Enhanced Efficiency and stability of Perovskite Solar Cells using Porous Hierarchical TiO₂ Nanostructures of Scattered Distribution as Scaffold

A type of quasi-mesoscopic perovskite solar cells (QM-PSCs) with porous hierarchical TiO₂ (hier-TiO₂) nanostructures of scattered distribution as scaffold was investigated. The porous hier-TiO₂ nanostructures were synthesized by sintering MIL-125(Ti) of metal-organic frameworks (MOFs) at 500 °C in air and which were partly inherited from the ordered porosity of MIL-125(Ti). The ordered hier-TiO₂ nanostructures were scattered on compact TiO₂ layer to form a quasi-mesoscopic scaffold of scattered distribution, which can offer enough growth space for perovskite grains and promote the ordered growth of perovskite grains.
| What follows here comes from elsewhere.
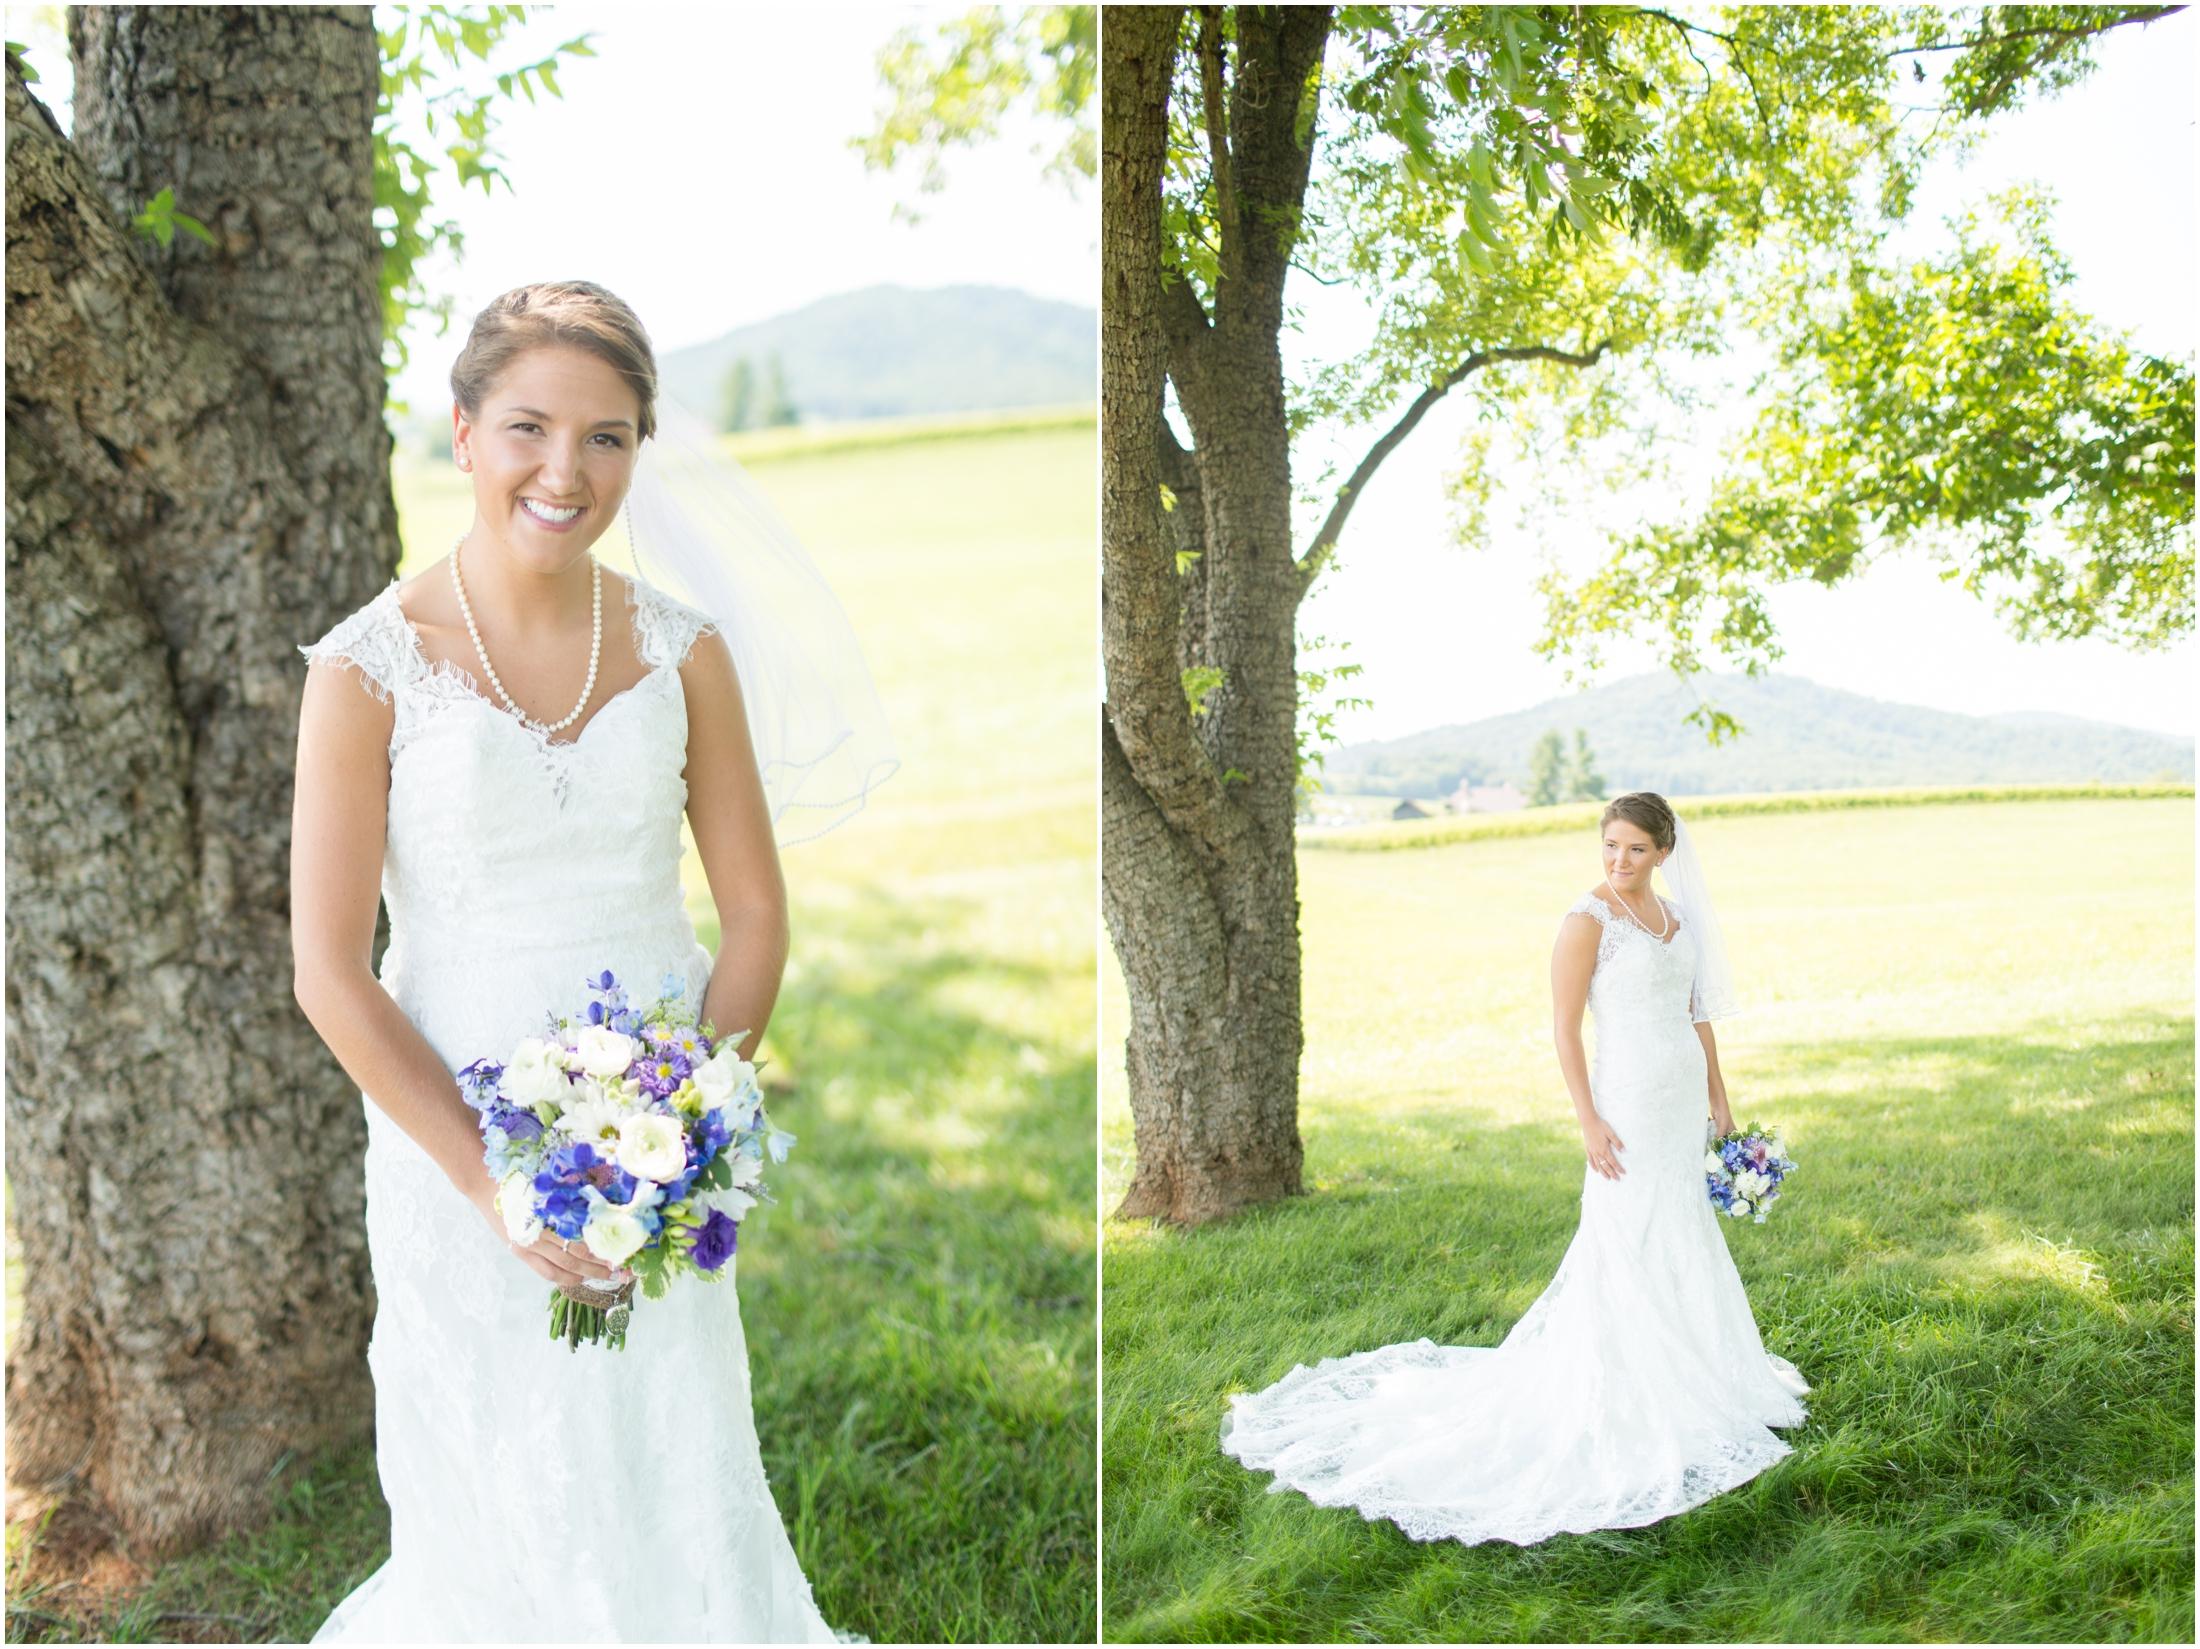 Norton-Wedding-3-Bride-and-Groom-Portraits-385.jpg

The QM-PSCs shows a power conversion efficiency (PCE) of 16.56%, much higher than PCE (11.38%) of PSCs with conventional small TiO₂ nanoparticles (npt-TiO₂) as scaffold and PCE (6.07%) of planar PSCs with compact TiO₂ layer. The PCEs of PSCs with hier-TiO₂ and npt-TiO₂ remain 47% and 22% of the initial PCE values aging for 30 days in air, indicating that PSCs with hier-TiO₂ scaffold shown better stability and moisture resistance. The enhanced performance of QM-PSCs is primarily attributed to the superior wettability quasi-mesoscopic scaffold with ordered porous hier-TiO₂ nanostructures, which help to form the high quality perovskite film with better crystillinity and less pin-holes, and improve the contact properties between perovksite and electron transport layer.